サロメの純情:浅草オペラ事始め

地人会(市民劇場211)
98/02/03 金沢市文化ホール■
斎藤憐作/木村光一演出
前田美波里/中山仁/壌晴彦/福原一臣/二瓶鮫一/鈴木慎平/大西多摩恵/加藤亮夫

●凝った作りの浅草オペラ的作品
今回の前田美波里さんの『サロメの純情』は、(「地人会の」というよりやはりこういう言い方になってしまいます)これまで市民劇場でいくつか見てきたビリー・ホリデイ、ピアフといった女の芸人の一生を描いた作品の中でも最も成功したものだったと思う。最初のおさげに着物の少女時代は、さすがに外見的に少々違和感があり、話も妙に安っぽい感じでポンポンと進み、ノレなかったが、意図して安っぽく進めているのかなと思うようになるにつれて、話に入っていくことができた。

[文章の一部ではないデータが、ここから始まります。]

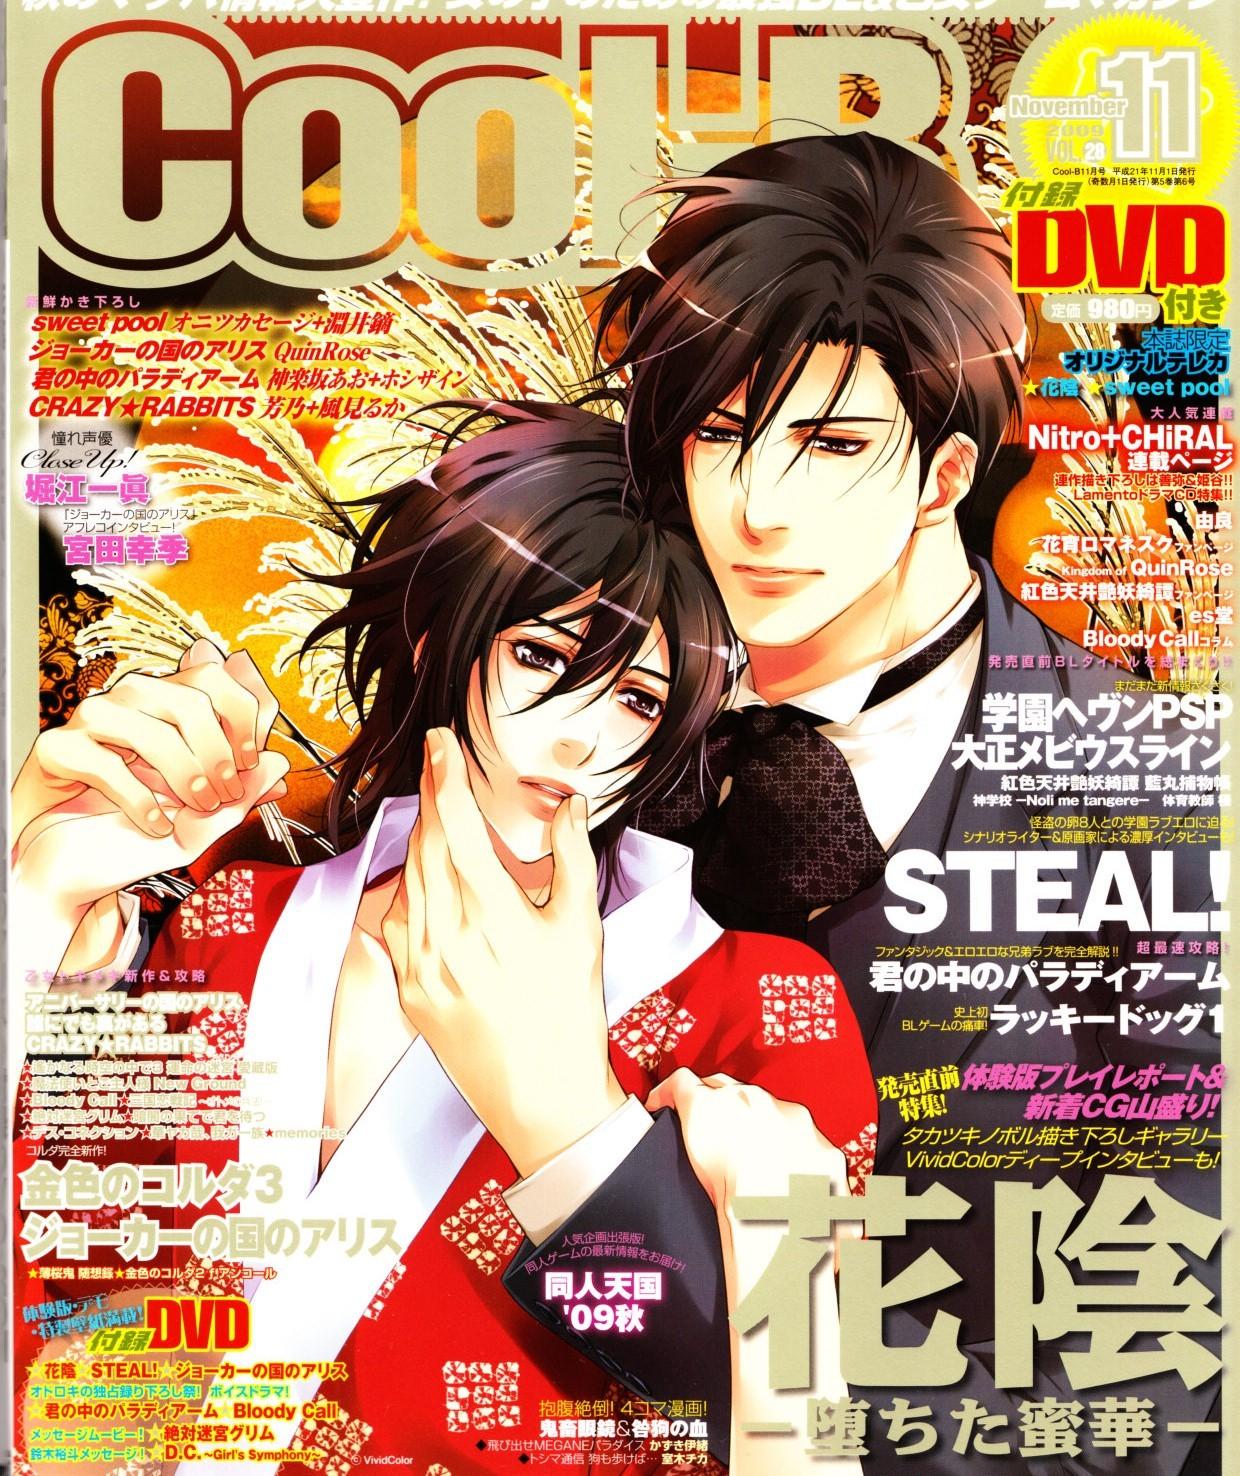 Cool-B Vol.28 2009-11 0

ストーリー的にはミュージカル『エビータ』のような印象を受けた。テンポ良く、洋服を着替えながらだんだん洗練されていって、外国から帰ってきたら見違えていたというのはオードリー・ヘップバーンの映画にもよくある感じだった。こういうのは前回の『奇妙な果実』同様、前田美波里さんにはハマッテいる。ただ、『奇妙な果実』の時は、後半は歌ばかりで歌謡ショーのような感じになったが、今回はそういう印象を受けなかった。これはドラマの作りがしっかりしていたからだろう。今回は、歌に加え踊りも凄かった。というよりは、踊りの方により感動した。美波里さんの声は、例えば前回聞いたばかりの土居裕子さんのような正統的な発声法ではなく、ノドから出て来るような少々癖のある声だと思う。悪くいうとドラエモンのような声(失礼)で聴いていて少々疲れた。ただ、あれだけのダンス・シーンを毎回こなしているというのにはプロとはいえ感服するばかりである。

歌謡ショーにならなかったのは、アポロンとバッカスというギリシャの神が人間の運命を操るという脚本にもよる。ただの女の一生モノだと一本調子で終わるが(そういう感じの作品はしばしばあるのですが...)、この二重構造が人間の運命や生き方とかを作品の途中で時々振り返らせるような時間を作ってくれた。何も考えないうちに終わることの多い音楽中心の作品にしては珍しく考えることの多い作品だった。神から人間への早変わりの面白さもあったし、それぞれの神々がすべて憎めない感じだったのも、作品に暖かみを出していた。

役者では、中山仁さんが詐欺師・芸人というにはあまりにも誠実な感じで合っていなかったと思う。それに最初から最後まで演技に変化がなかったし、年をとったのかどうかもわかりにくかった。どちらかといえば、伊庭役の人と逆の方が良かったのではないか、と思った。

その他では、「石屋の引越し」というような難解なシャレの連発が(この洒落のオチを忘れてしまったのですが...)意外に面白かった。はじめのうちは何だ何だ?と思っていたが、あれだけうまい具合に連発されると結構楽しめ、次に何が出てくるか期待してしまった。この変なシャレを含めて、作品全体を通してのチープな雰囲気が良い味になっていた。もちろん美波里さんの踊りの場面はゴージャスなのだが、それを除くとセットをはじめとしてチープな感じに徹していたのは、浅草オペラへのオマージュという意味もあるような気がする。そういうわけで、浅草オペラを劇中で演じる浅草オペラ的作品を神様と我々観客が眺めるという、なかなかオリジナリティ溢れる凝った構造の作品だったと思う。